Tajimi Custom Tiles, the new brand based in Tajimi, the historic center of the Japanese tile industry, creates custom-tailored tiles in collaboration with Max Lamb and Kwangho Lee.

In 'Working Title', Max Lamb showcases what makes Tajimi a unique manufacturing location and what TCT hopes to achieve. He designed a set of modular, 3-dimensional tiles that can create countless shapes, with the resulting objects performing as vases, sofas, tables, benches or partition walls. He used typical clays with characteristic earthy attributes, and special glazes with ambiguous colours harkening to classic Japanese with tiles. His production method is pressure moulding which allows highly-precise 3-dimensional shapes and patterns.

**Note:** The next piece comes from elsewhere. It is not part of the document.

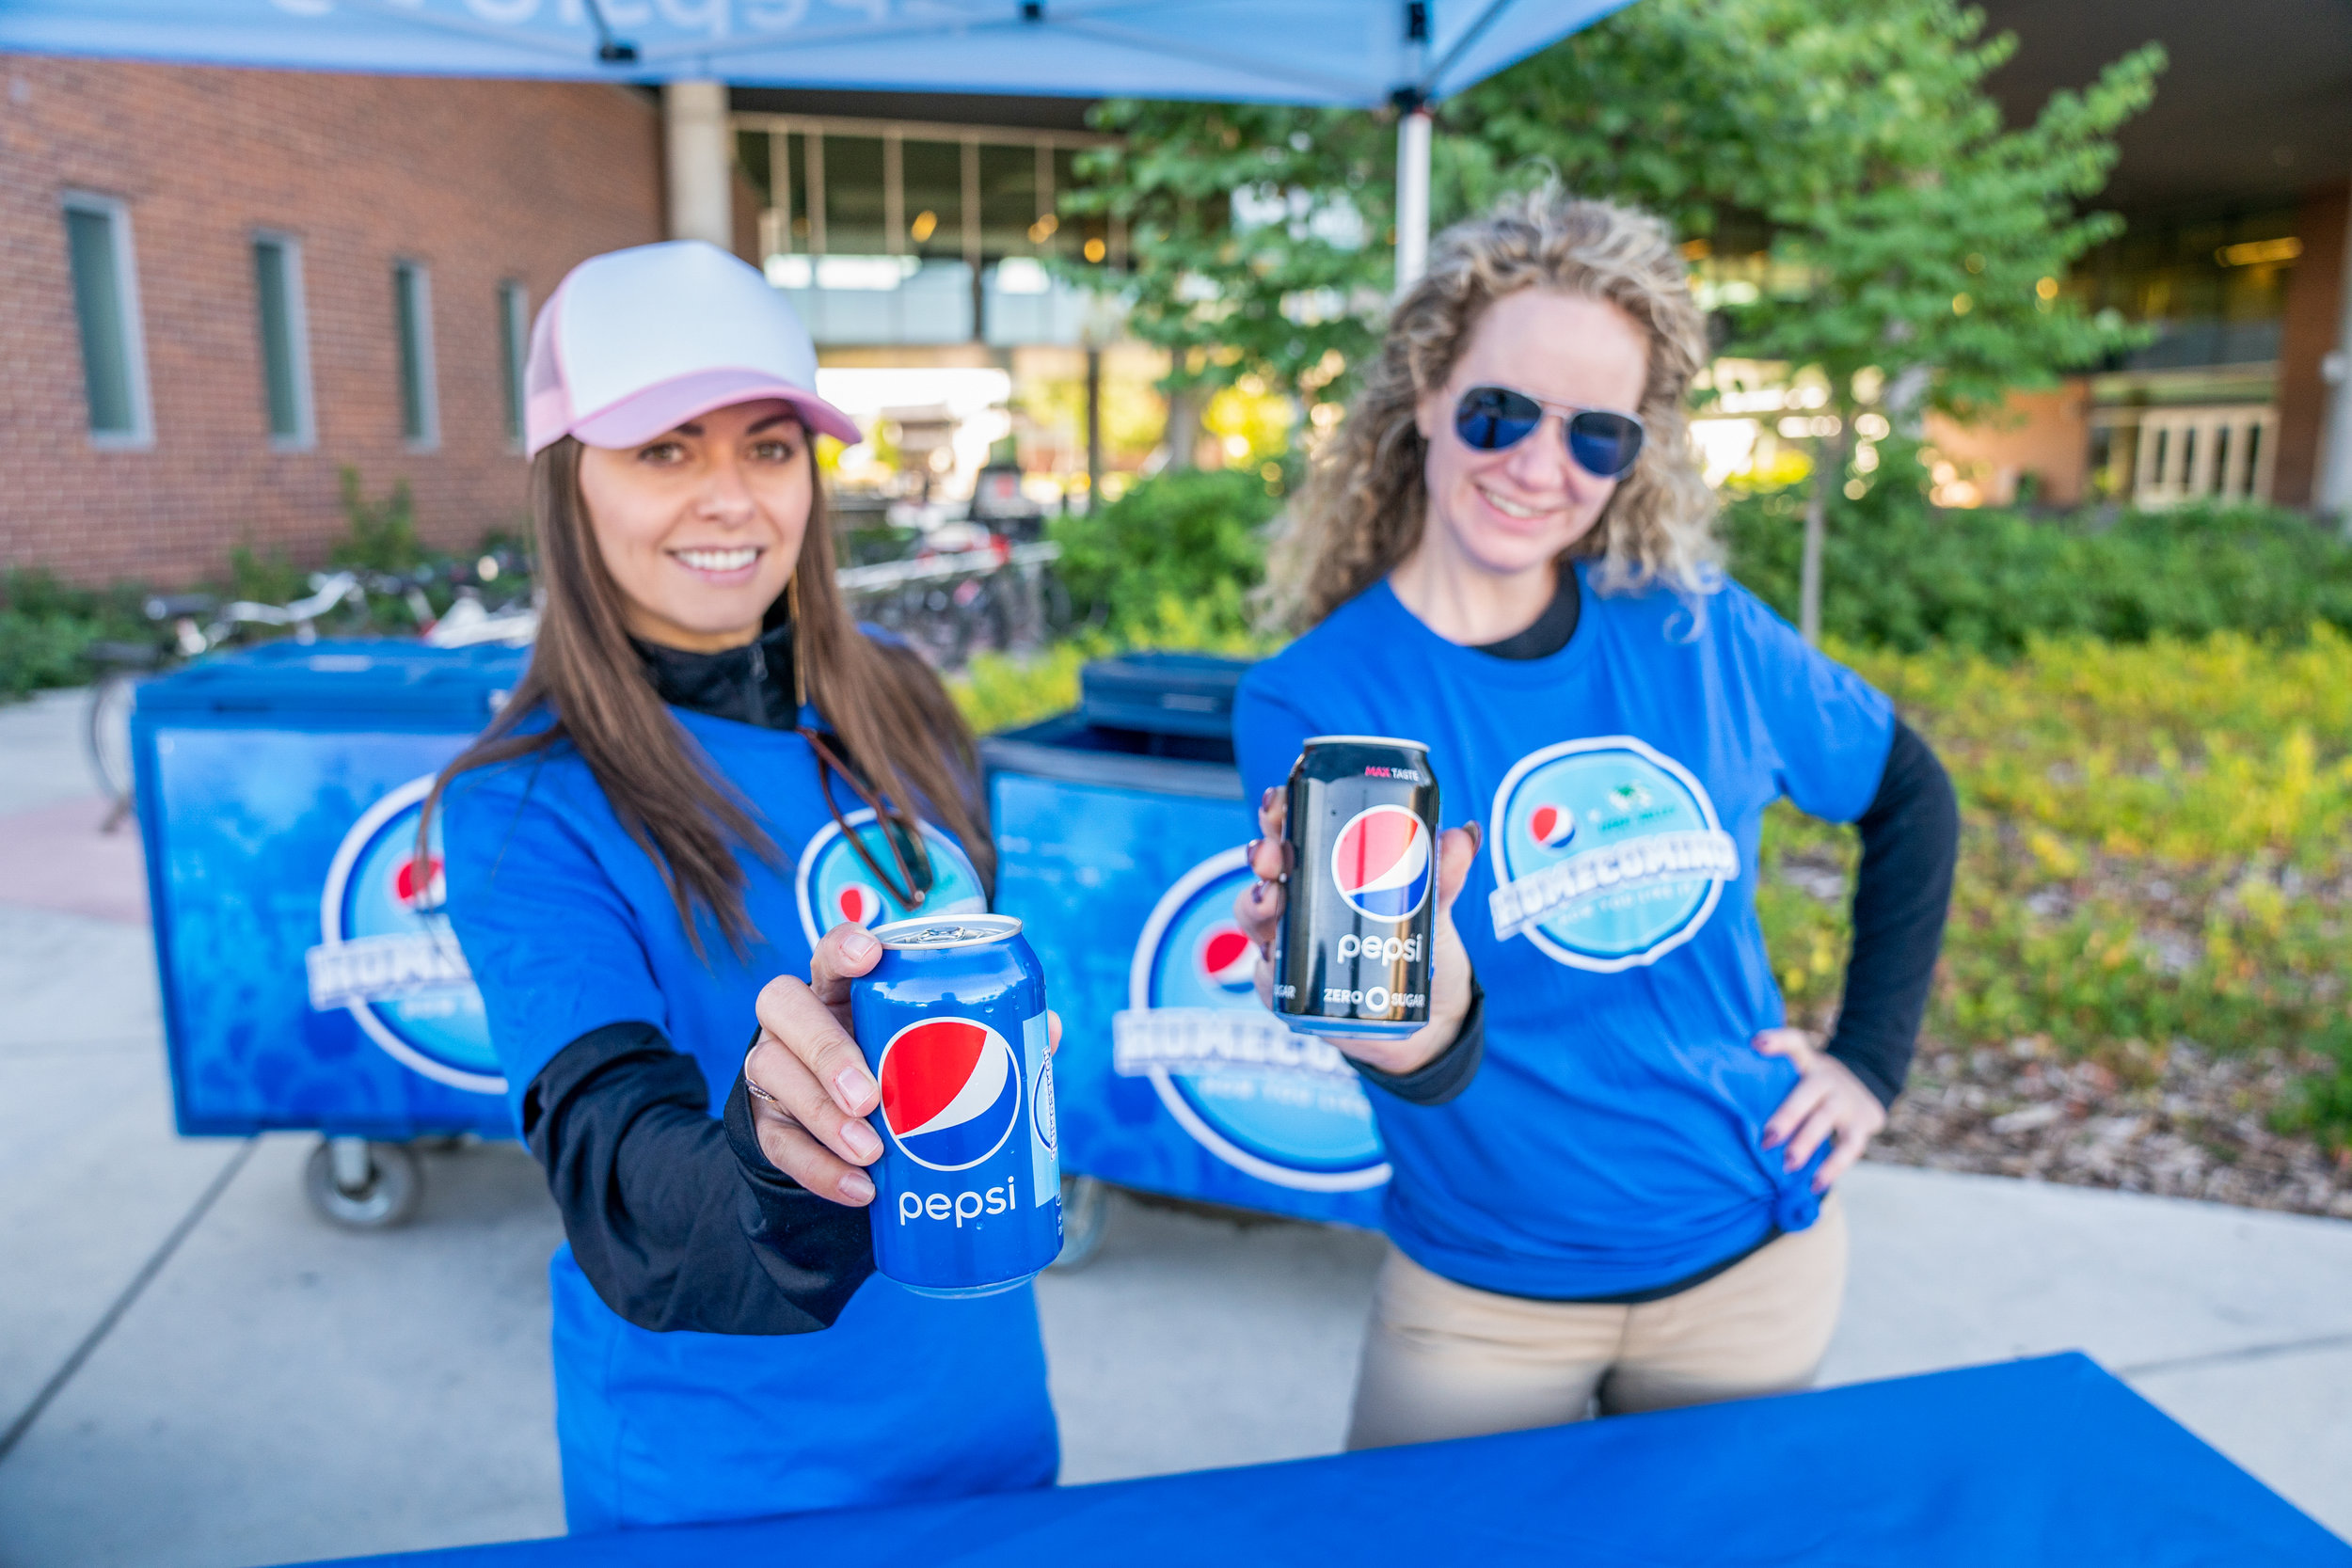 OHelloMedia-Pepsi-UVUHomecoming-9.26-0006.jpg

'Tide' by Kwanghoh Lee was inspired by one of the typical production methods in Tajimi – the clay extrusion. He created a module with a section in the form of a looped line, that can be extruded to different lengths in order to assume different functions. The modules can be stacked horizontally or vertically to form various basic objects, like walls or benches. When the modules are aligned, the repeated loop has an almost hand-drawn quality, creating patterns reminiscent of knitted fabric.“ Knitting” has been an important theme in Kwangho’s work, and he has explored it often in different materials and on diverse scales. In his work with tiles, Kwangho’s knitting theme creates references to the varying states of clay, from initially soft and malleable to ultimately hard and fixed.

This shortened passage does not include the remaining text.